For anyone that uses 24" T12 tubes, HD has a great deal on 6500K Daylights, @ 2 for $4. Single Cool Whites are around $4.


----------



## Fish_Man (Apr 9, 2010)

BillD said:


> For anyone that uses 24" T12 tubes, HD has a great deal on 6500K Daylights, @ 2 for $4. Single Cool Whites are around $4.


Thanks Bill, I'm on it today!  Hope it works if not then a new canopy 

6500K Daylights is the yellowish color?
Cool Whites is the white color?

Thanks


----------



## missindifferent (Jun 25, 2010)

BillD said:


> For anyone that uses 24" T12 tubes, HD has a great deal on 6500K Daylights, @ 2 for $4. Single Cool Whites are around $4.

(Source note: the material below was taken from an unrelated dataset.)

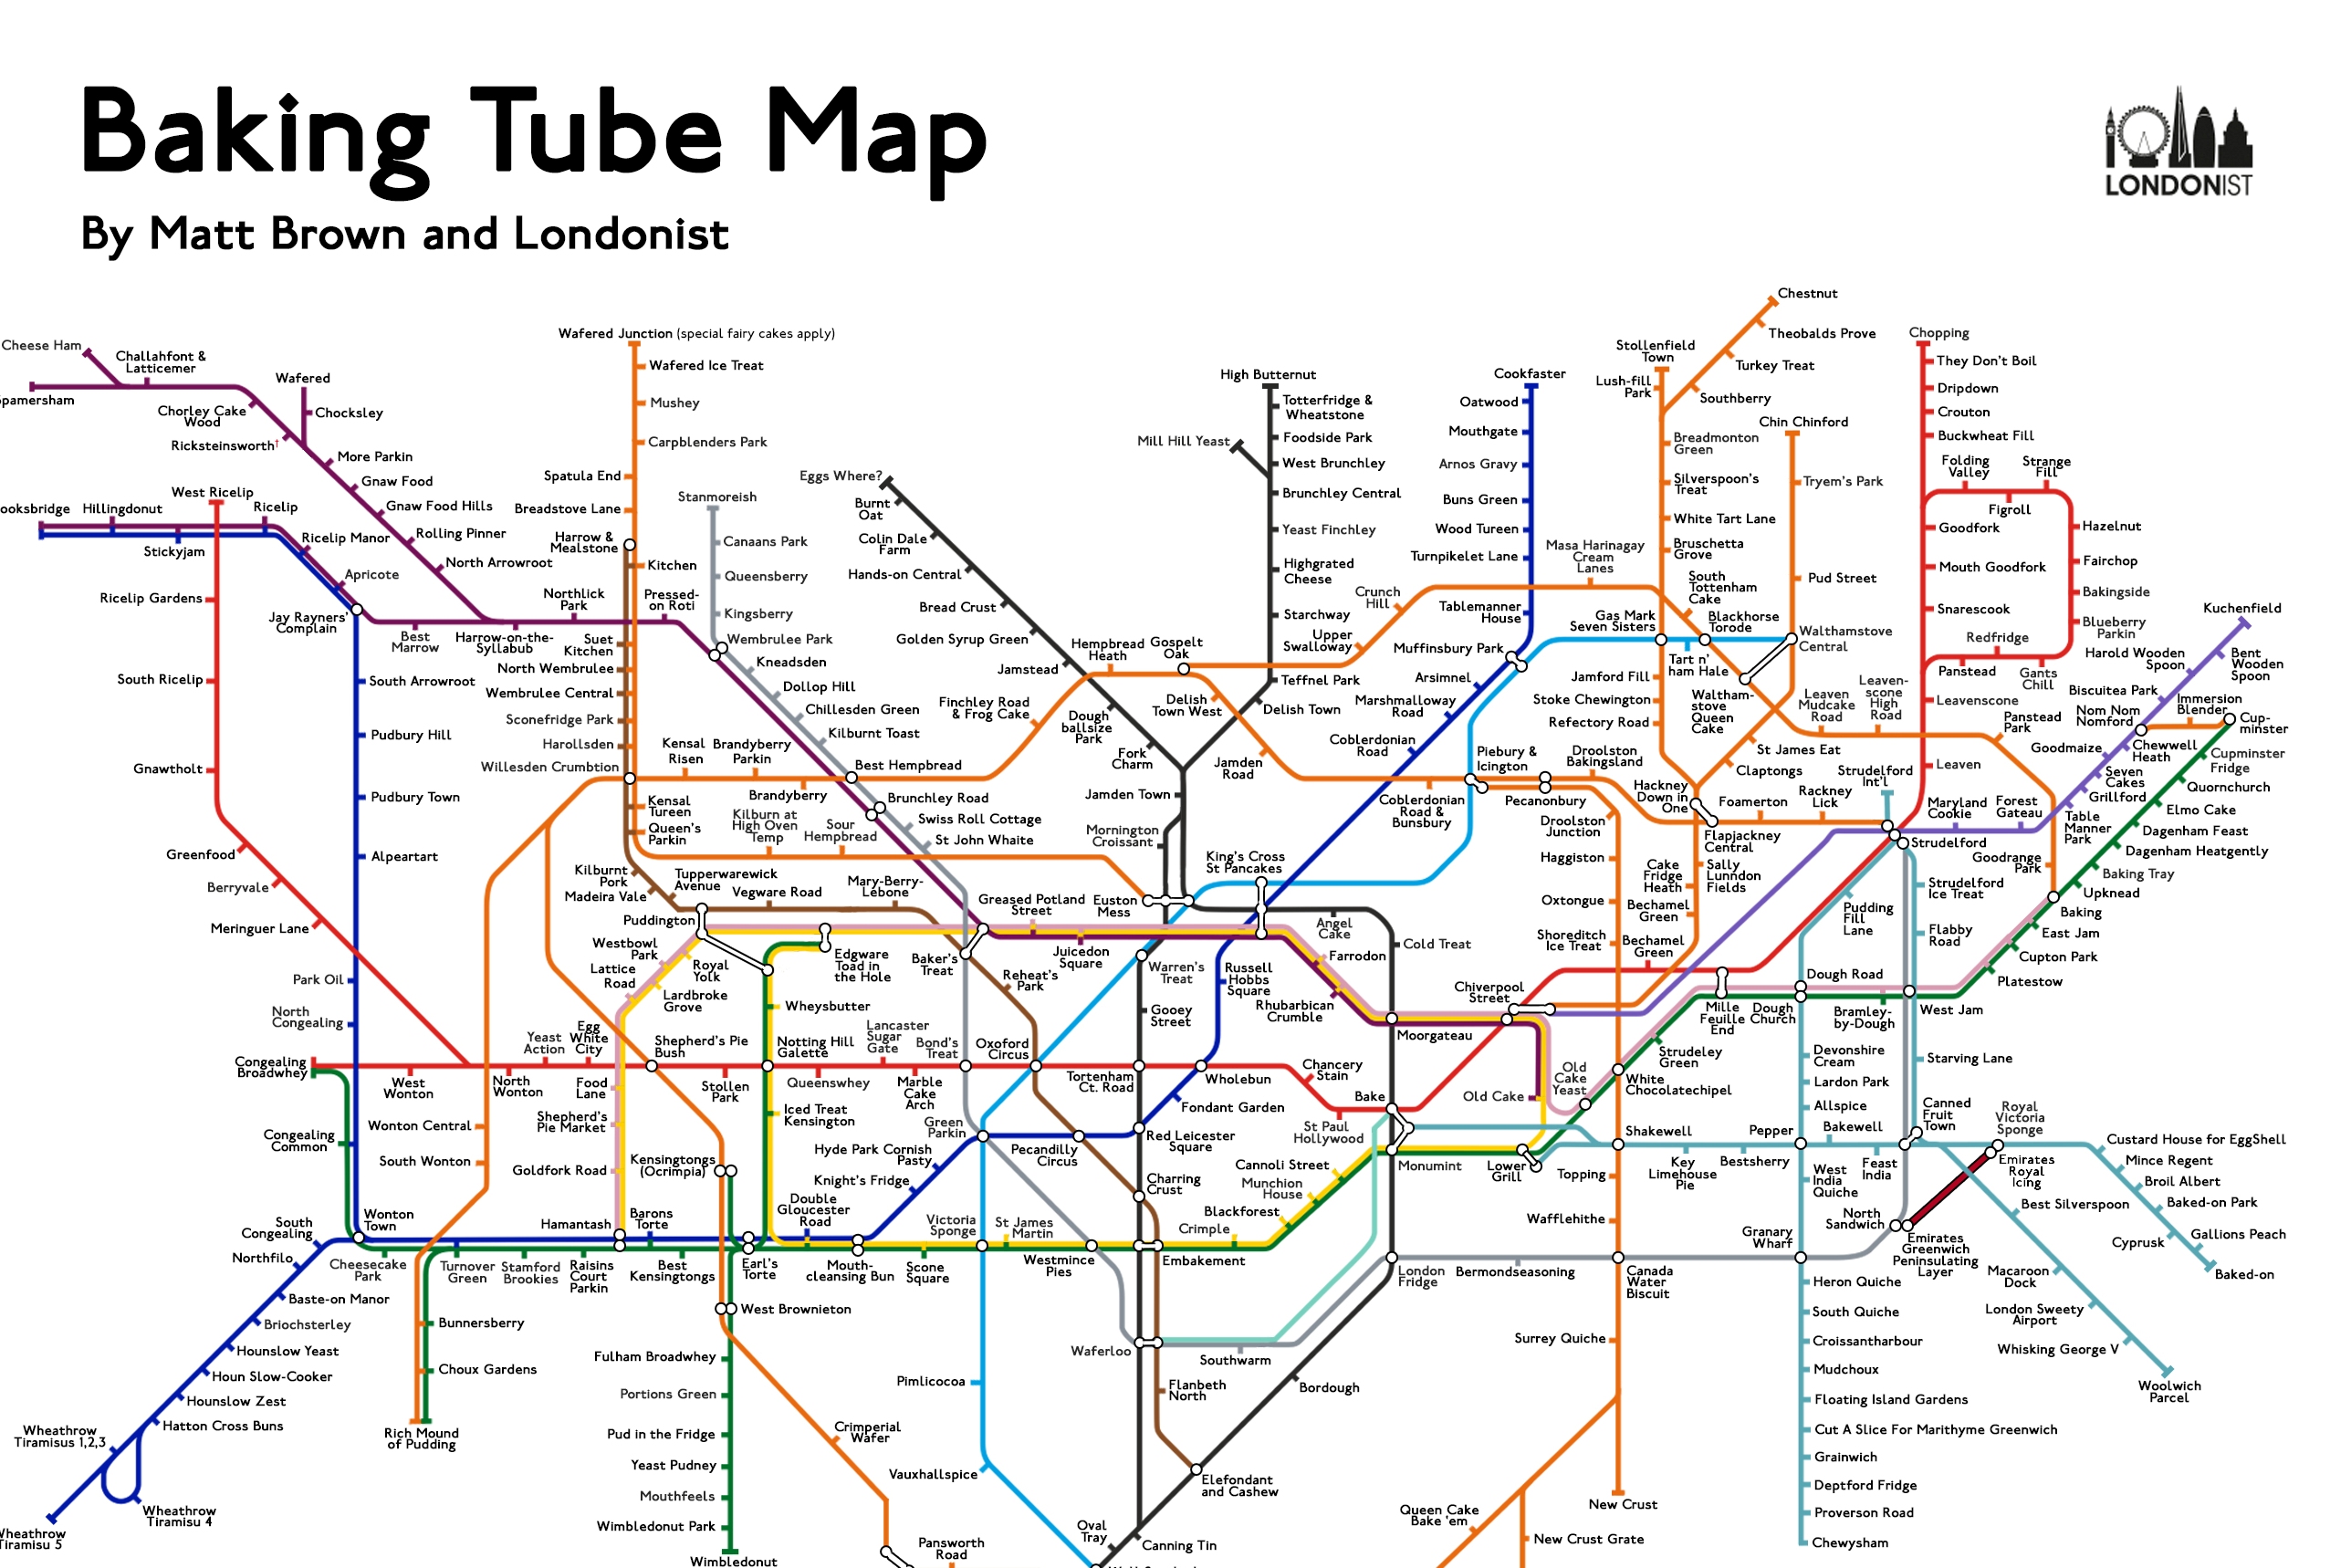 The Baker's Tube Map / Foto: The Londonist

OMG, that's so cheap! The price at big als is $20. What is HD??? Home hardware?


----------



## igor.kanshyn (Jan 14, 2010)

missindifferent said:


> OMG, that's so cheap! The price at big als is $20. What is HD??? Home hardware?


It's Home Depot


----------



## Fish_Man (Apr 9, 2010)

So I just got some fluorescent tube from HD and it still doesn't work  

I did some research again and it might be due to the starter so I guess I have to replace that or just get a new canopy all together. 

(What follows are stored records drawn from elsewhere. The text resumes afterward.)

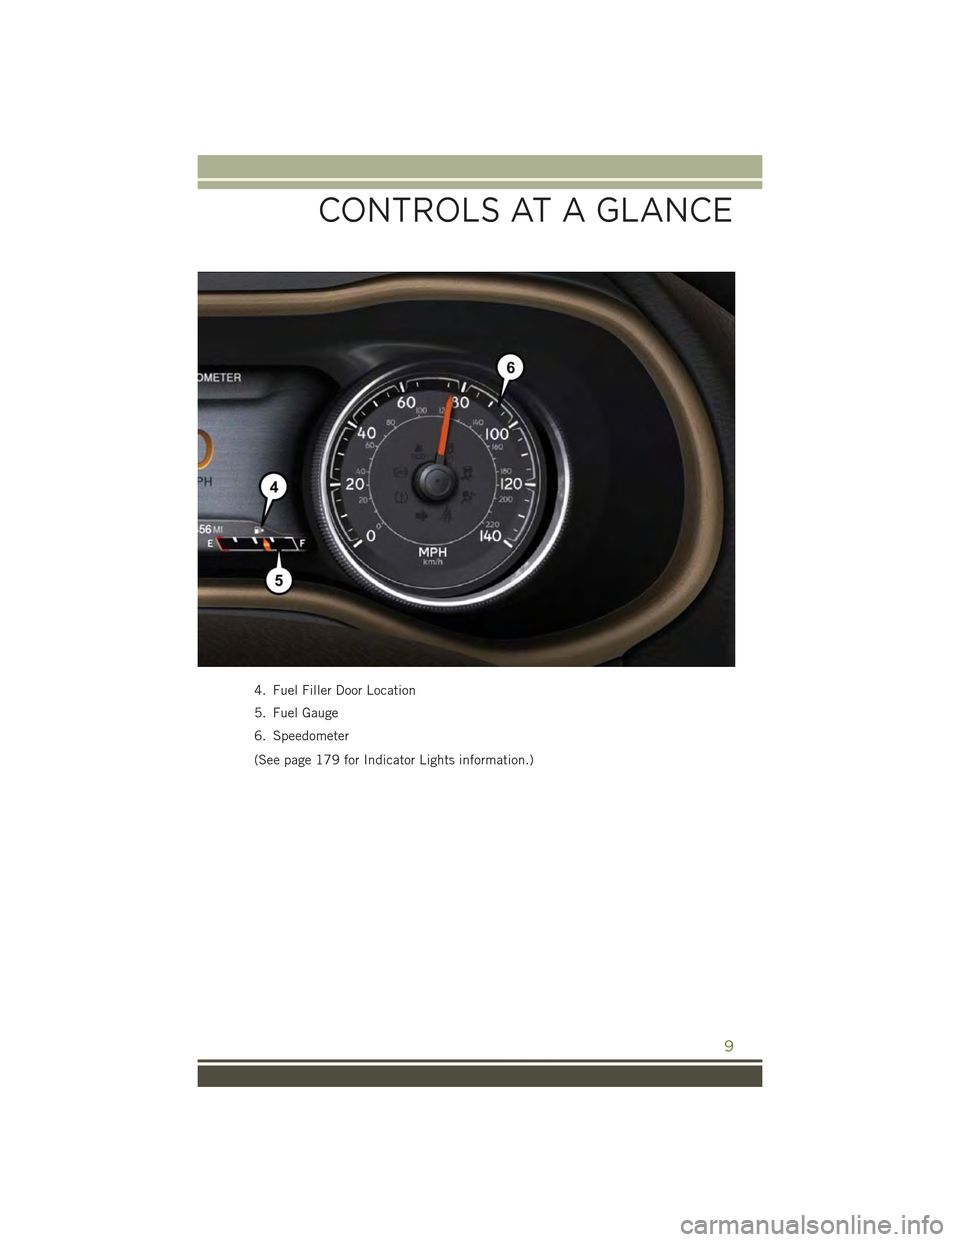 JEEP CHEROKEE 2015 KL / 5.G Owners Manual 4. Fuel Filler Door Location
5. Fuel Gauge
6. Speedometer
(See page 179 for Indicator Lights information.)
CONTROLS AT A GLANCE
9

Anyone know how to change the starter on an old canopy?


----------



## bae (May 11, 2007)

Fish_Man said:


> So I just got some fluorescent tube from HD and it still doesn't work
> 
> I did some research again and it might be due to the starter so I guess I have to replace that or just get a new canopy all together.
> 
> Anyone know how to change the starter on an old canopy?


It would have to be really really old to have a starter. A starter looks like a little aluminum can about 2cm in diameter and maybe 4cm long. You can just pull it out, or maybe twist it out, and replace in the same way. Take the old one with you to be sure to get the same kind. I haven't bought one in a long long time, but IIRC, they are only a couple of bucks.

Another thing you might check is whether the contacts on the fixture are present, not bent, and clean. If they are a bit tarnished you can clean them with fine sandpaper. You might also check whether any other electrical connections are defective and fix them.


----------



## Fish_Man (Apr 9, 2010)

bae said:


> It would have to be really really old to have a starter. A starter looks like a little aluminum can about 2cm in diameter and maybe 4cm long. You can just pull it out, or maybe twist it out, and replace in the same way. Take the old one with you to be sure to get the same kind. I haven't bought one in a long long time, but IIRC, they are only a couple of bucks.
> 
> Another thing you might check is whether the contacts on the fixture are present, not bent, and clean. If they are a bit tarnished you can clean them with fine sandpaper. You might also check whether any other electrical connections are defective and fix them.


Can't find that aluminum can, on the newer canopy that I have I can see the aluminum can but this one is probably too old and I don't know where it is.


----------